Ich werde wütend. Auf all diese Menschen. Mit denen ich noch versuchte, einen gewissen Frieden zu finden, ihnen gerecht zu werden. Was hab ich mich oft verbogen, wie oft hab ich die Klappe gehalten. Und dann denke ich an Dich. Wie ehrlich Du einfach warst. Ich hätte so oft einfach Deinen Weg gehen müssen. Klar und deutlich. Ohne Rücksicht auf Verluste. Das hätte mir so manche Nerven erspart.

Mein kleiner Lehrmeister. So klein und eigentlich so weise. Wie auch Dein kleiner Bruder heute. Auch er ist mit dieser kindlich unverbrauchten Ehrlichkeit ausgestattet. Ich nehme mir immer mehr von dieser Direktheit an. Versuche Situationen, in denen mir etwas behagt, direkt und schnell zu klären. Viel offener und direkter zu kommunizieren. Grenzen abzustecken. Rücksichtnahme ist wichtig – keine Frage. Aber nicht bis zum bitteren Ende. So lange habe ich danach gelebt, immer, stets und ständig auf alles und jeden Rücksicht zu nehmen. Habe mich so oft dabei hinten angestellt und sogar fast vergessen. Seitdem ich Dich begleiten durfte, seit nun auch Dein kleiner Bruder auf dieser Welt ist – ja, da schaffe ich es immer immer mehr, auf mich zu achten und mich nicht mehr grenzenlos für alles und jeden zu verdrehen. Ihr, als meine Kinder, habt dabei eine ganz andere Priorität, als die ganzen Erwachsenen um mich herum.
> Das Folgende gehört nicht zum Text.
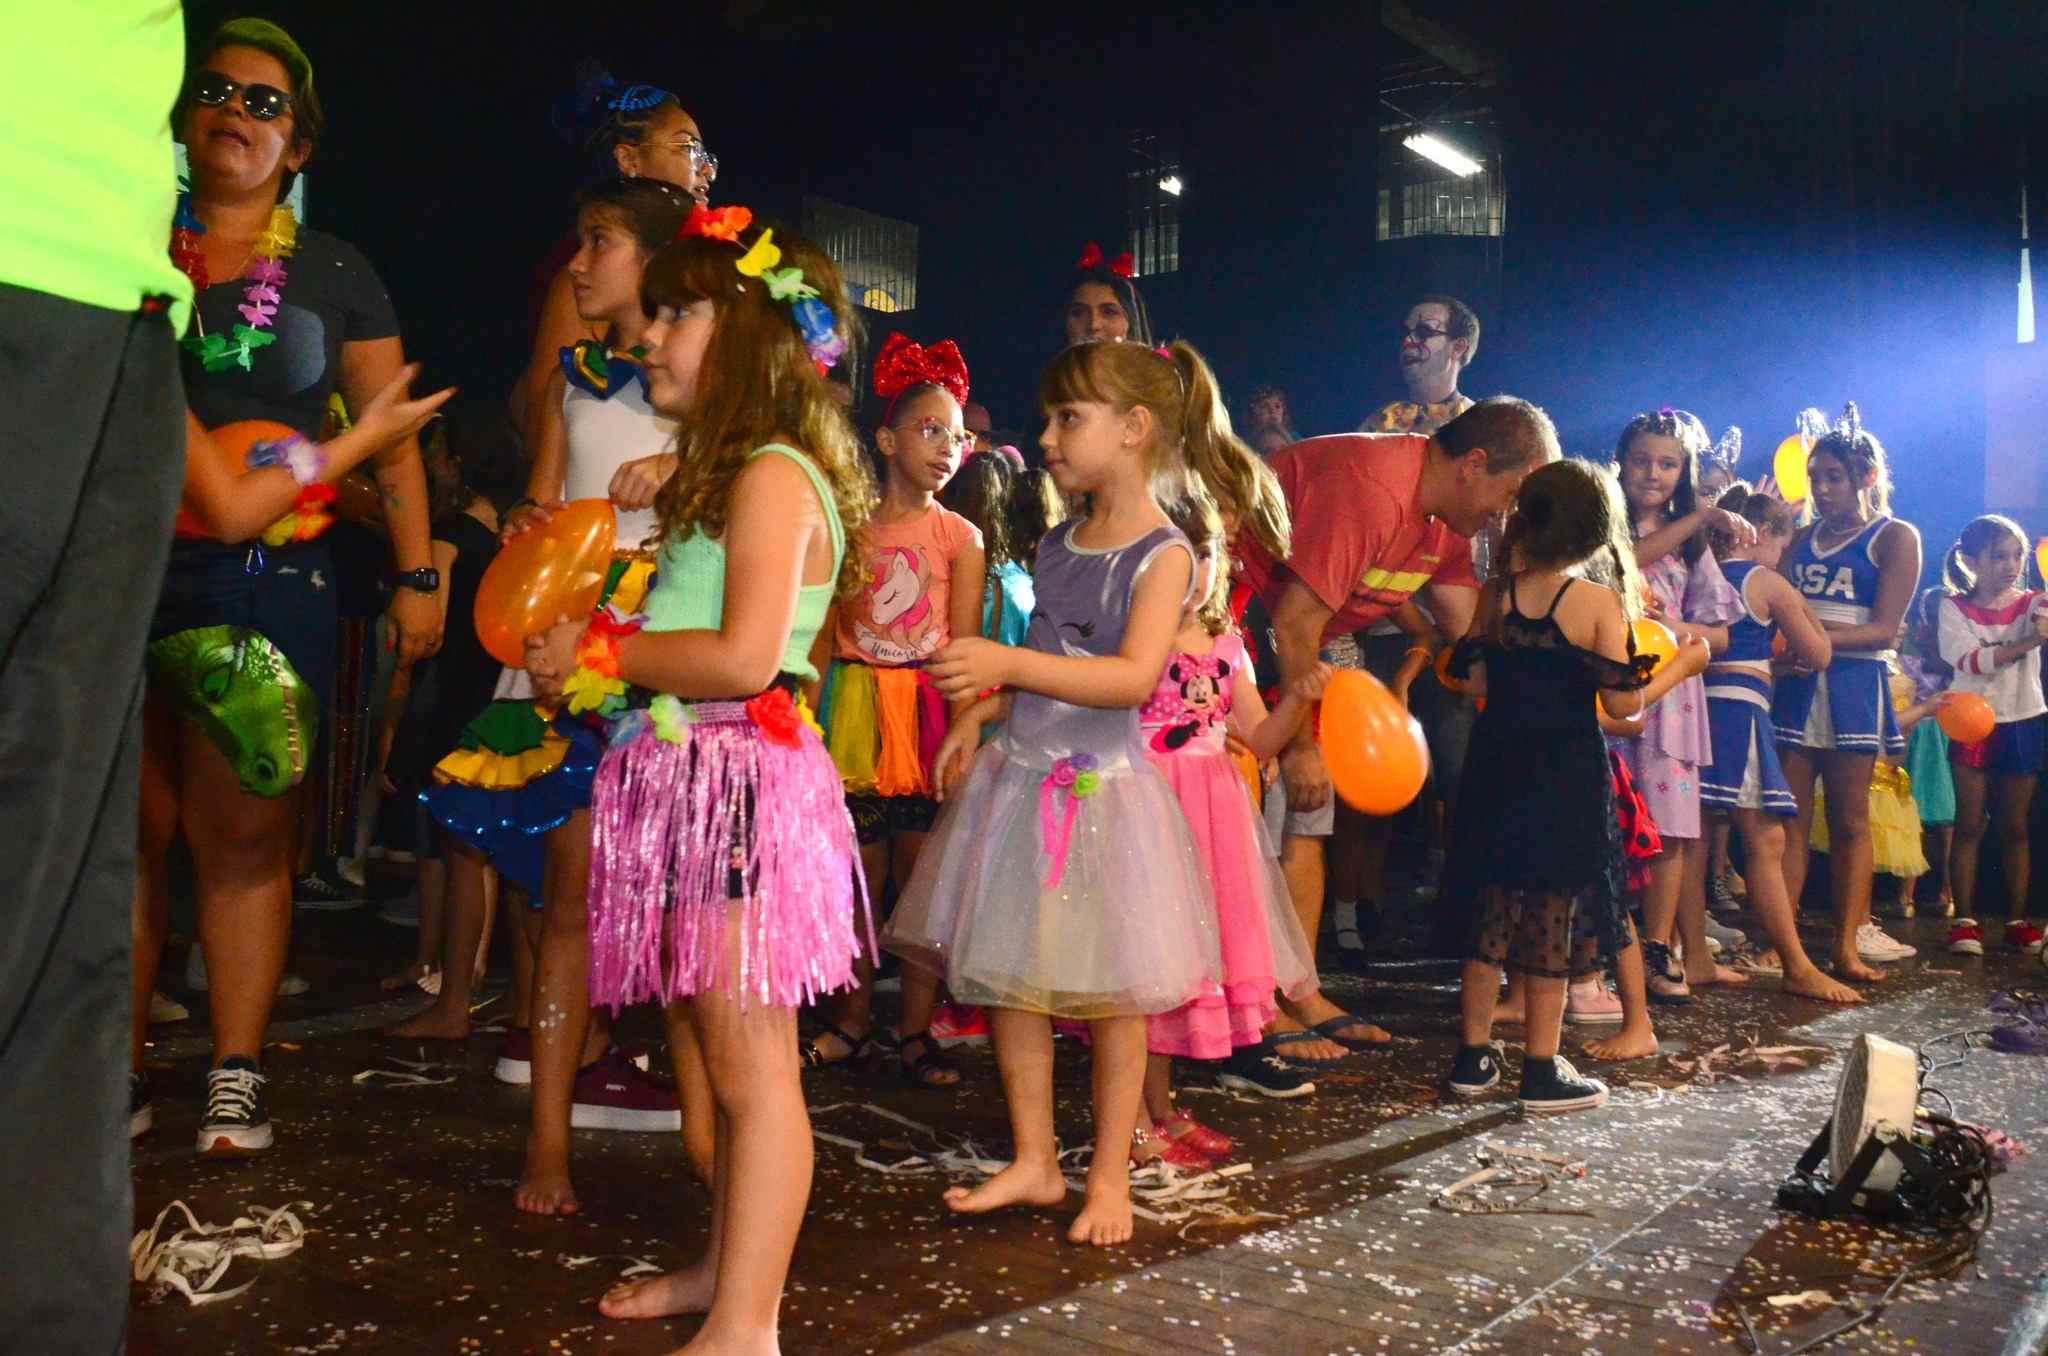 Clube Esperia promove “Festa à Fantasia na Folia” com atrações voltadas para crianças
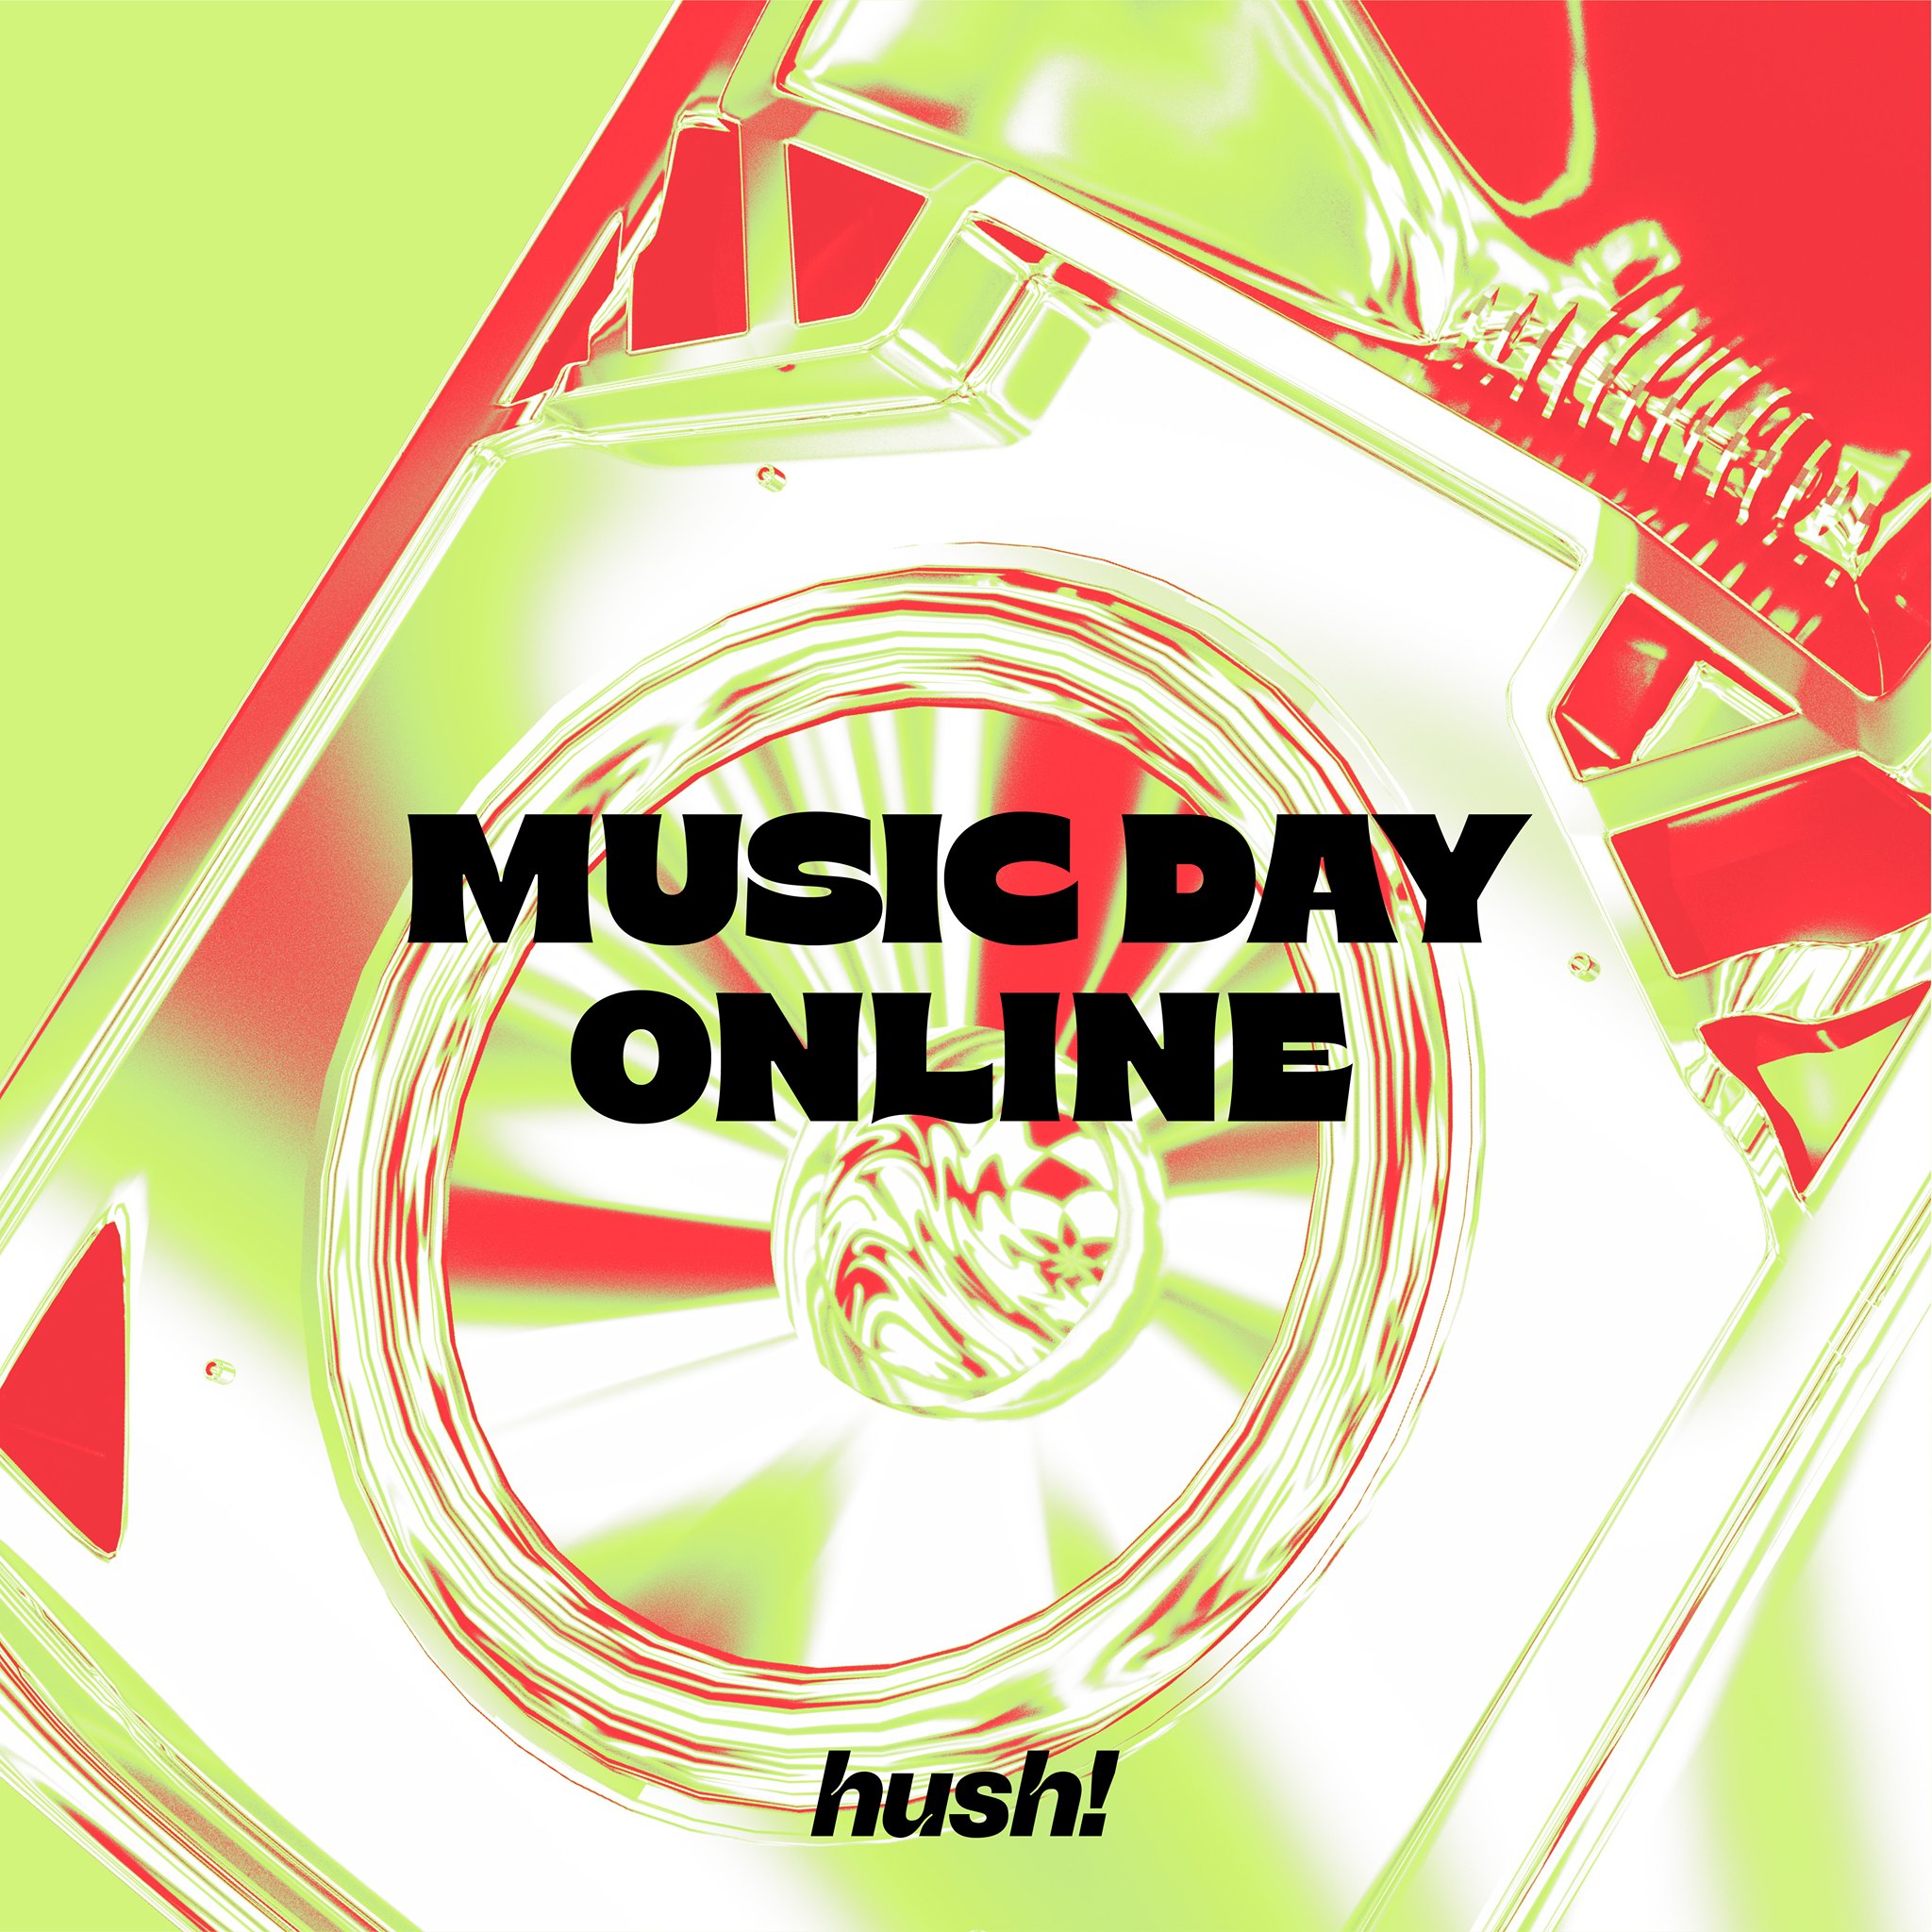 music day online hush festival banner

Ich bin froh, dass ich so intensiv an Deiner Seite sein durfte. Dass ich mich so verausgabt habe und über meine Grenzen gegangen bin. Denn die Zeit mit Dir war kostbar, unwiederbringlich. Sie war zu kurz, aber sie war lehrreich. Das Wissen, die Erkenntnisse und vor allem die endlose Liebe aus der Zeit mit Dir – die werde ich wohl für immer weitertragen.